## What you will do
Retype word for word the stretch of entries below from the line that has "drugs, marijuana, weed, leaf, plant" through the line that has "Rebo Steel Series", and omit the pictures.

## Records shown
========================================================================
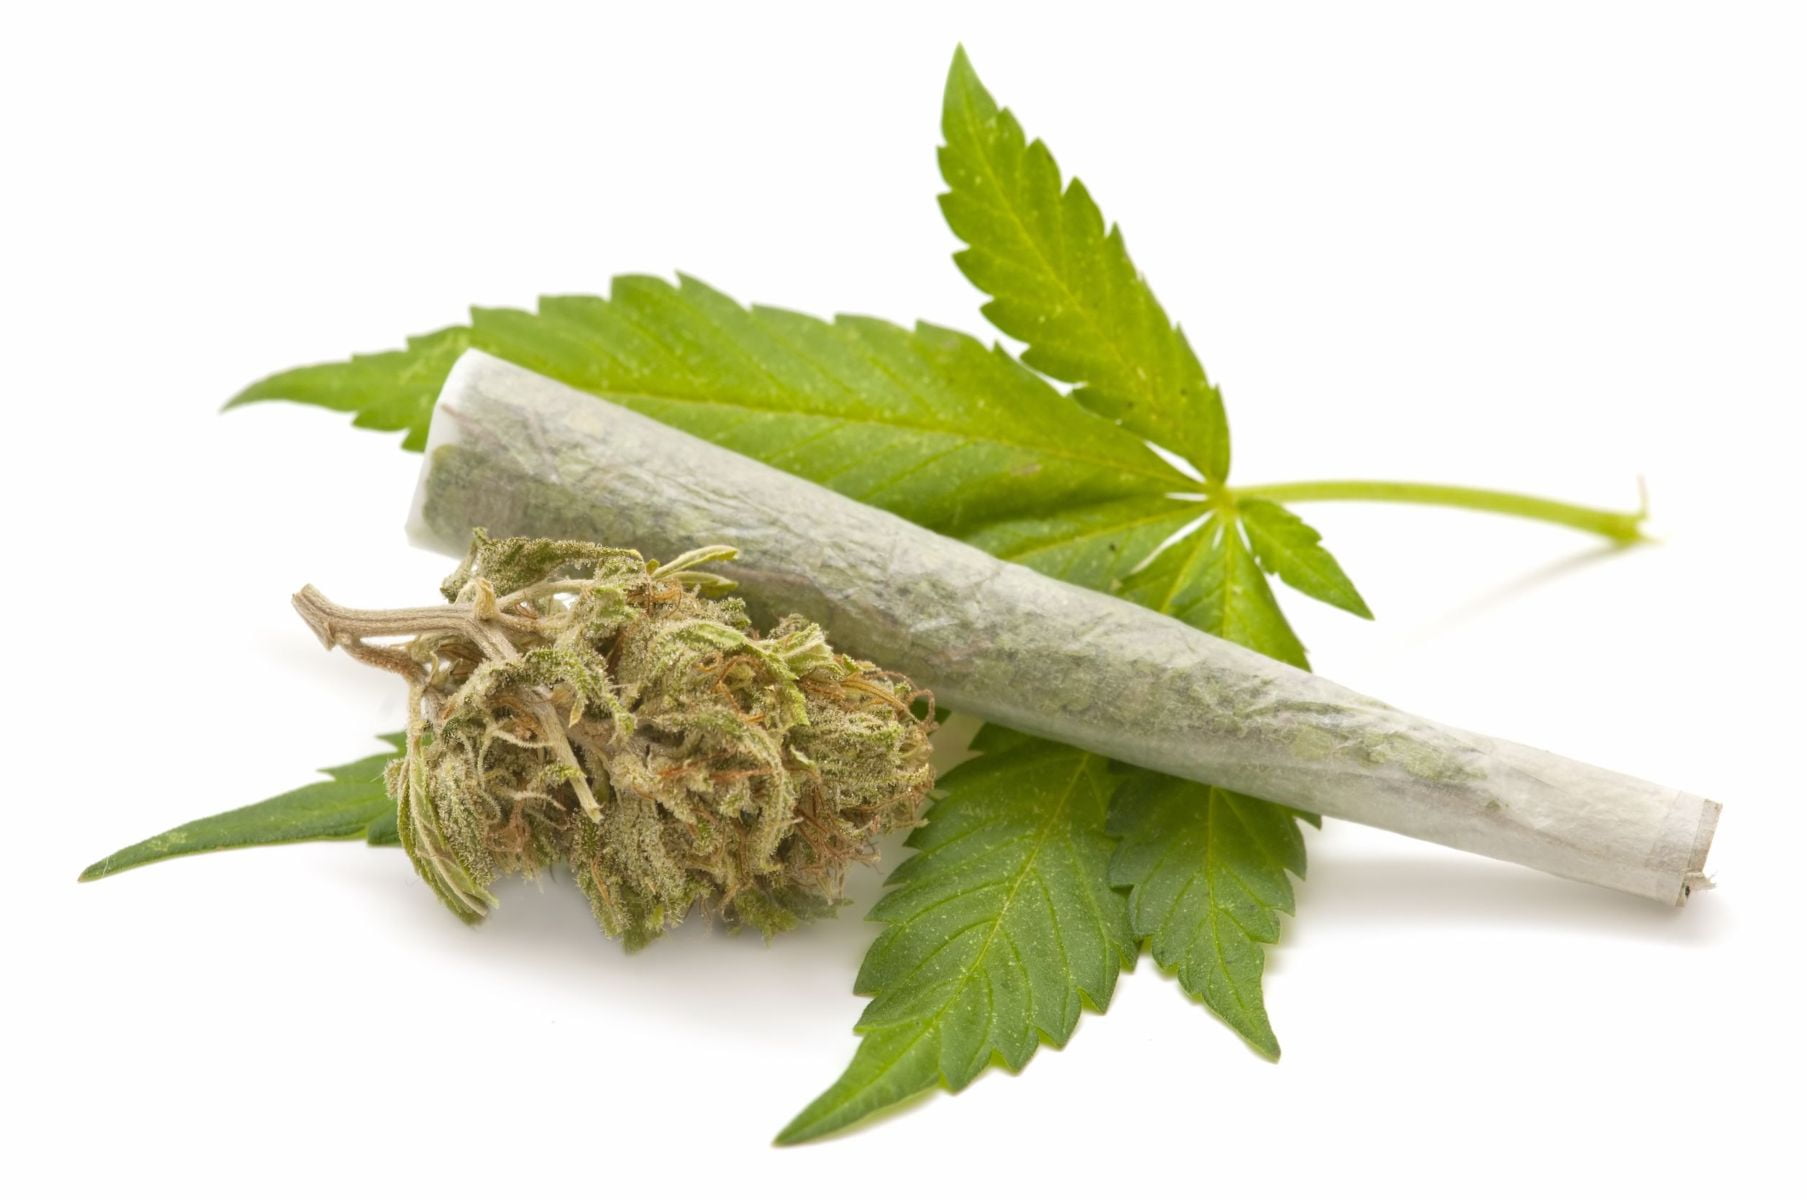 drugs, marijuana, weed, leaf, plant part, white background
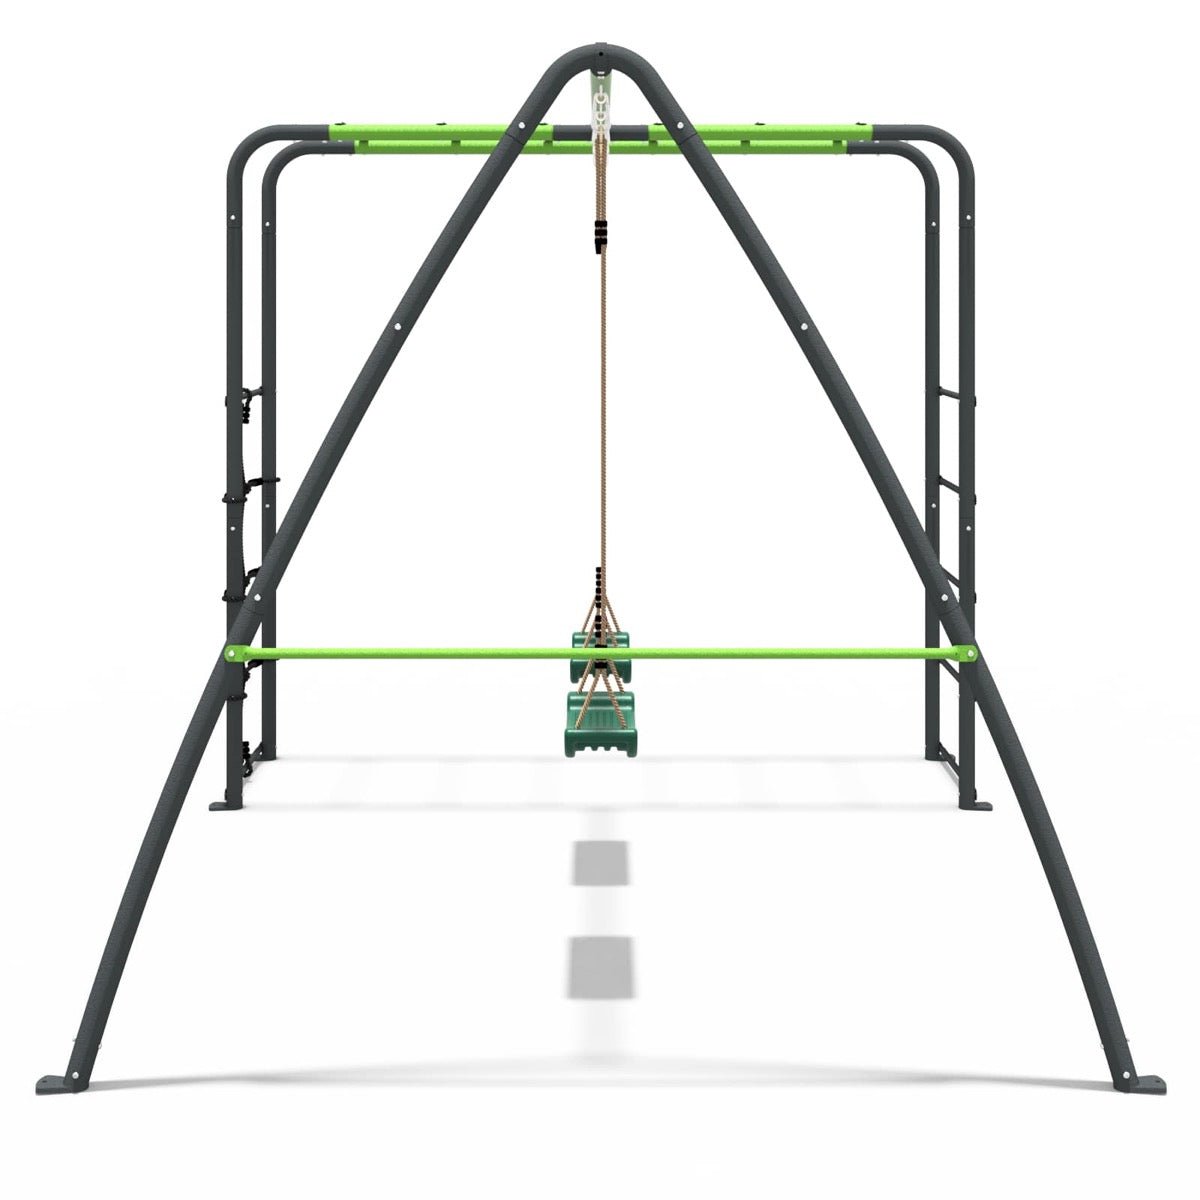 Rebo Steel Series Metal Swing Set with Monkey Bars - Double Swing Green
========================================================================
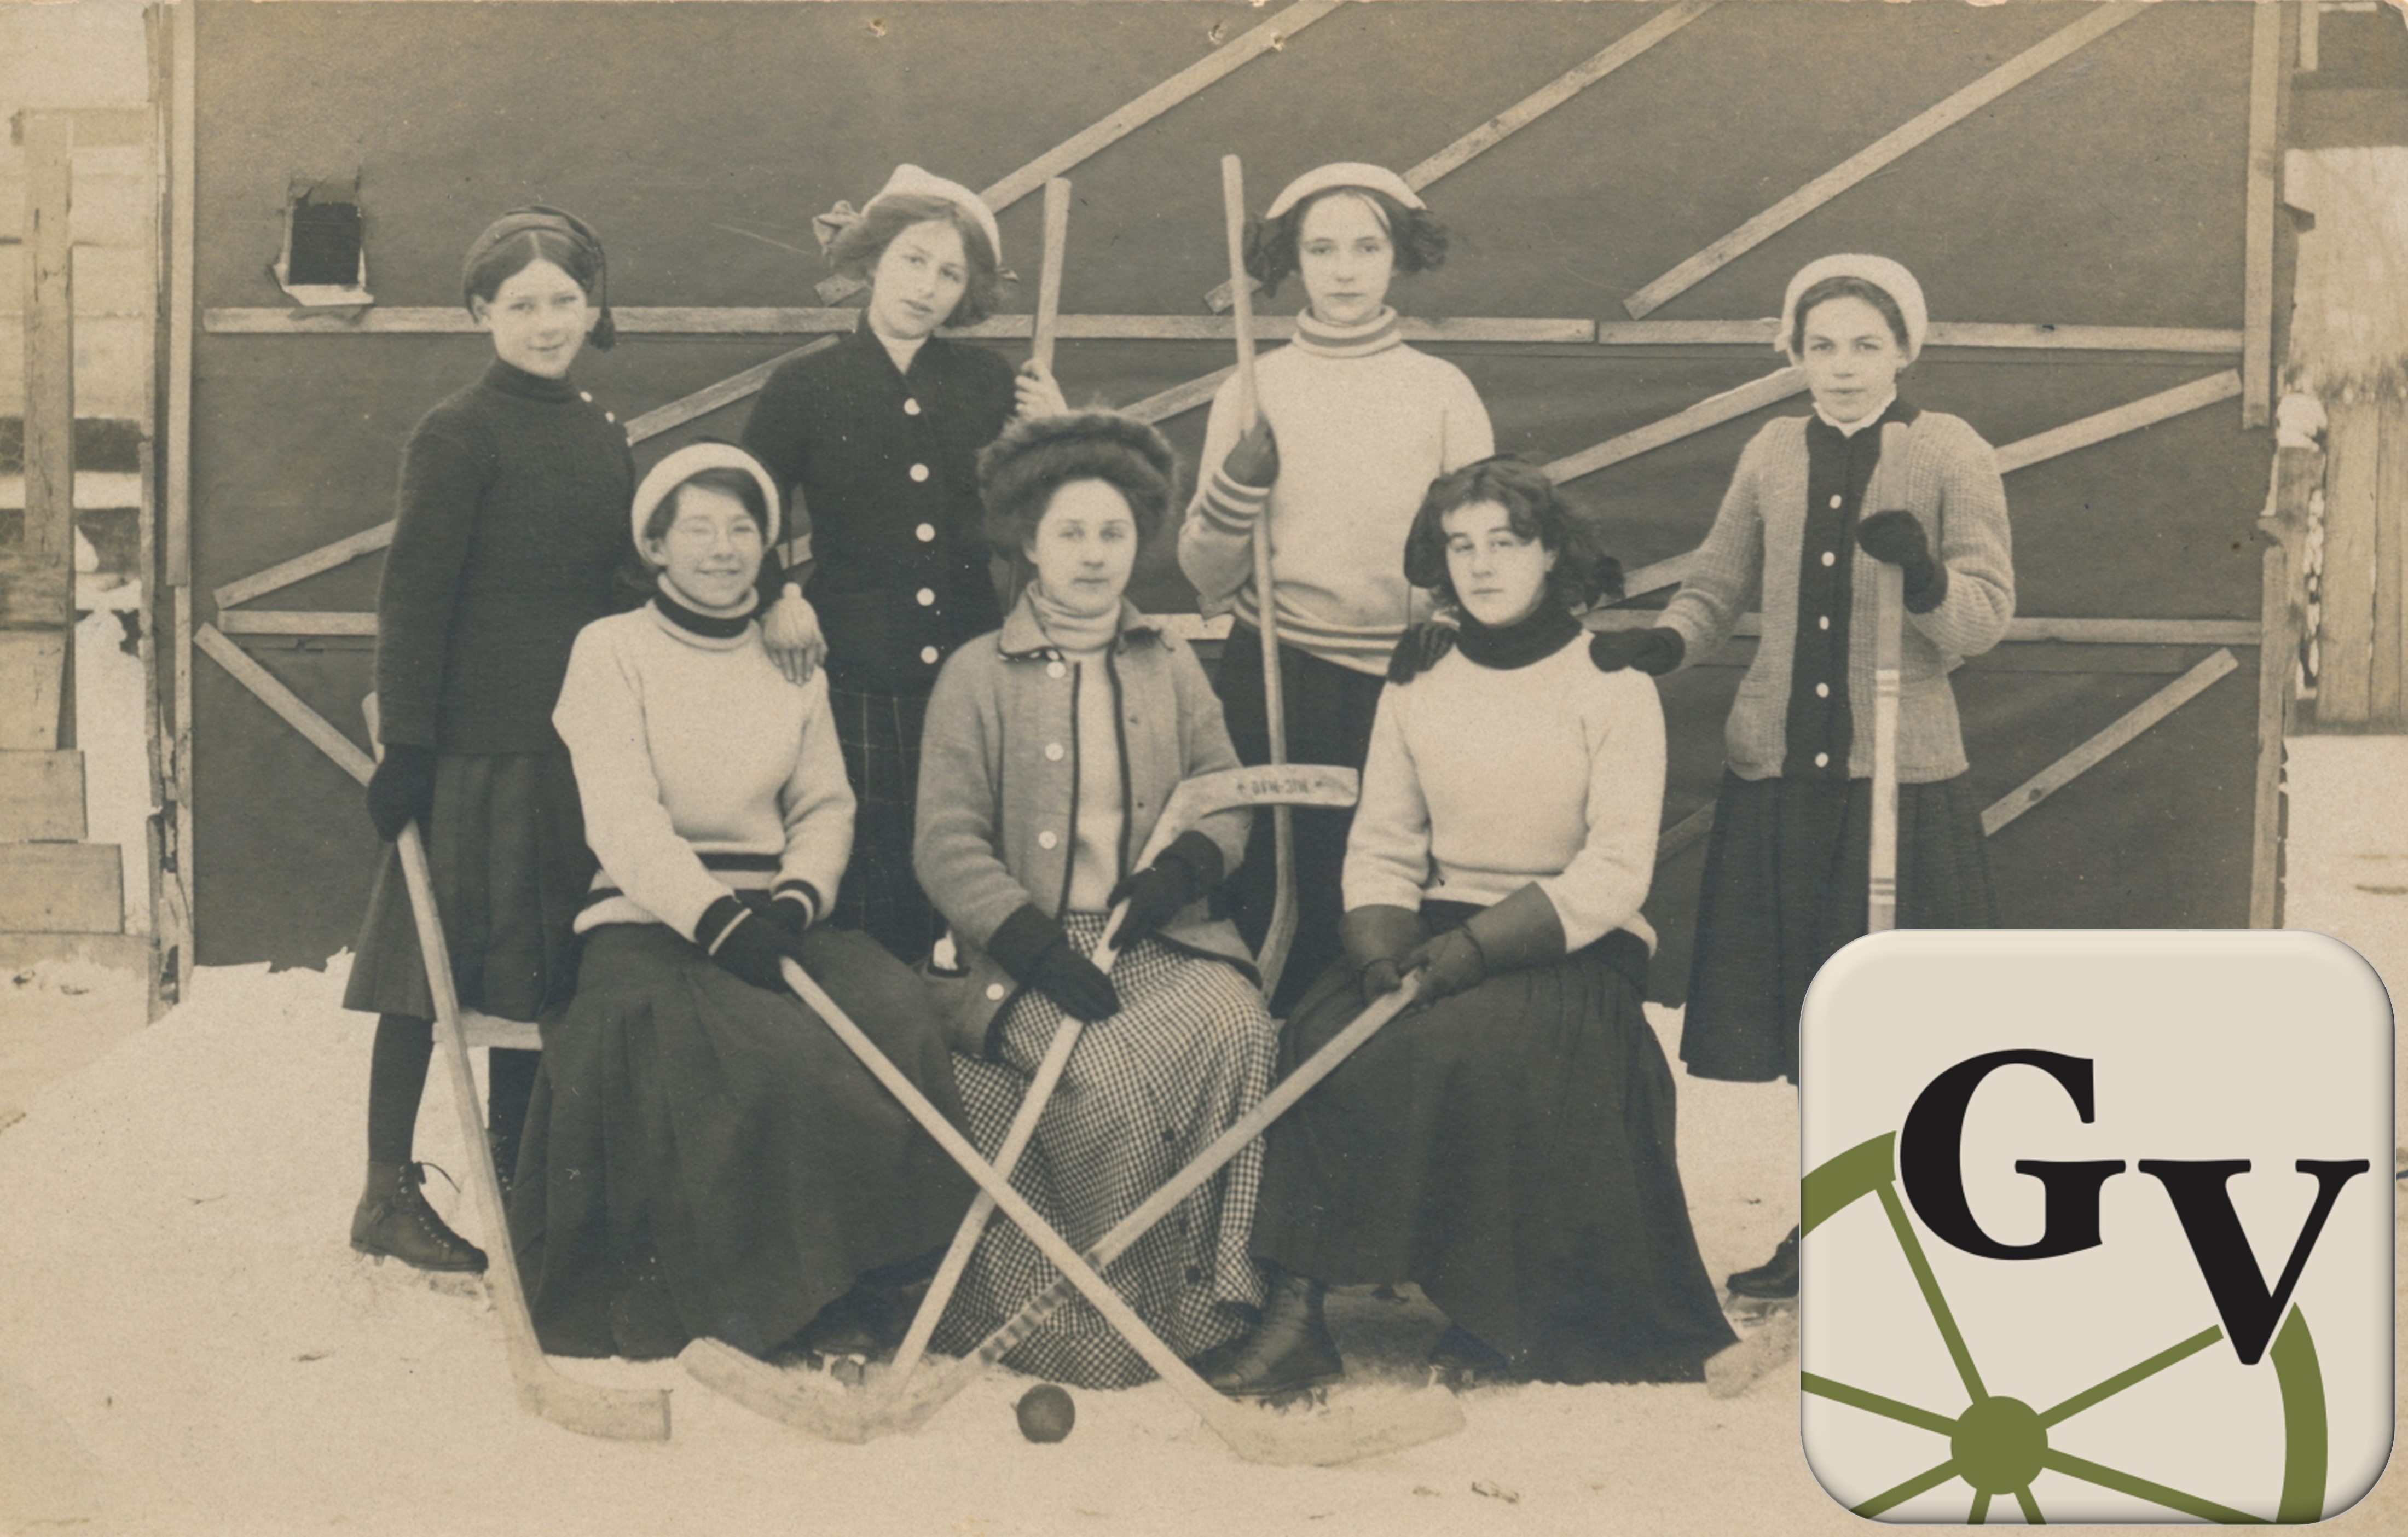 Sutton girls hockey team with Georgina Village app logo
========================================================================
## Completed exercise
 drugs, marijuana, weed, leaf, plant part, white background
 Rebo Steel Series Metal Swing Set with Monkey Bars - Double Swing Green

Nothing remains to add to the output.